Visualizing the model performance based on different modeling techniques used¶
In [55]:
RMSE_values = [mr_rmse, dt_rmse, gbdt_rmse, rf_rmse]
R2_values = [mr_r2, dt_r2, gbdt_r2, rf_r2]
labels = ['MR', 'DT', 'GBDT', 'RF']

rg = np.arange(4)
width = 0.4
plt.bar(rg, RMSE_values, width, label = "RMSE", color = 'blue')
plt.bar(rg+width, R2_values, width, label = "R2", color = 'pink')

# Adding labels to plot
plt.xticks(rg + width/2, labels)
plt.xlabel("Models Used")
plt.ylabel("RMSE and R2")

plt.title("Model performance for World Happiness Report Data")
plt.legend(loc = 'upper left', ncol =2)
plt.show()

From the above plot, we see that Gradient Boosting Decision Trees and Random Forest are the best model candidates for this dataset. It is worth noting that these models have a high computational need and it depends on the specific business need to implement these ensemble methods.
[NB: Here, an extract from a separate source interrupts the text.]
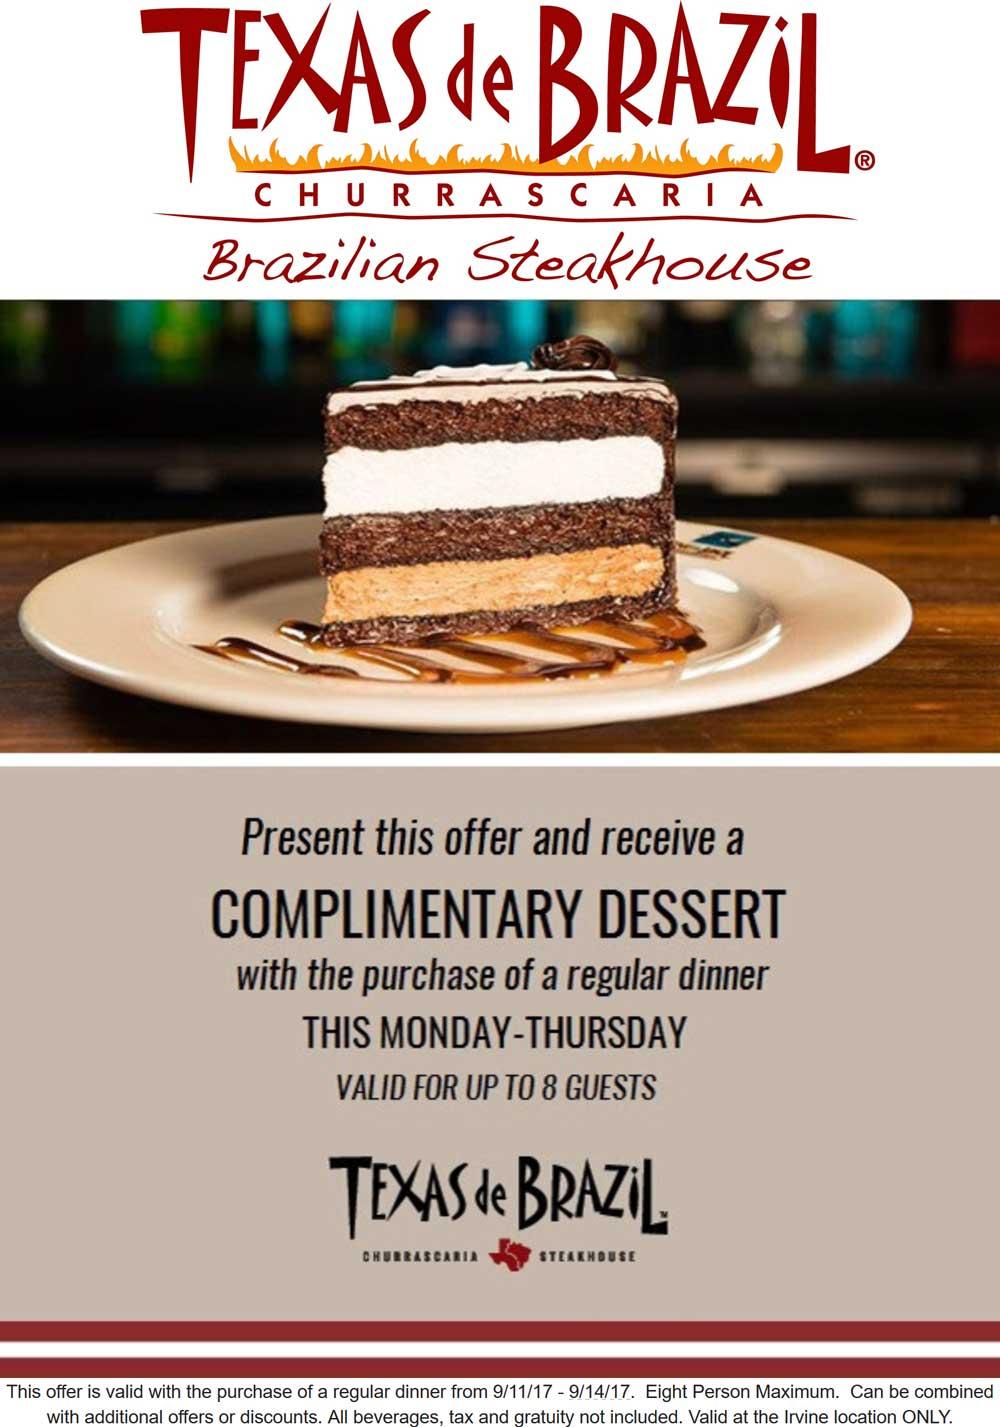 Texas de Brazil Coupon December 2018 Free dessert with your dinner at Texas de Brazil

Also, multiple regression does have a high R2 but does not perform well in terms of reducing model estimation error. At one stage of model training, I used linear regression to mitigate this challenge. Here, one should be careful of simply implementing the linear regression model because it might fail to capture relationship between different features that contribute towards an accurate prediction of life expectancy.

Another observation to keep in mind is the use of n_estimators and the business model need. Using a high number of n_estimators (to a certain threshold) can provide models with low error. However, it is worth considering the marginal benefit gained from lower error versus the marginal cost of computation based on the dataset being trained and the business issue at stake.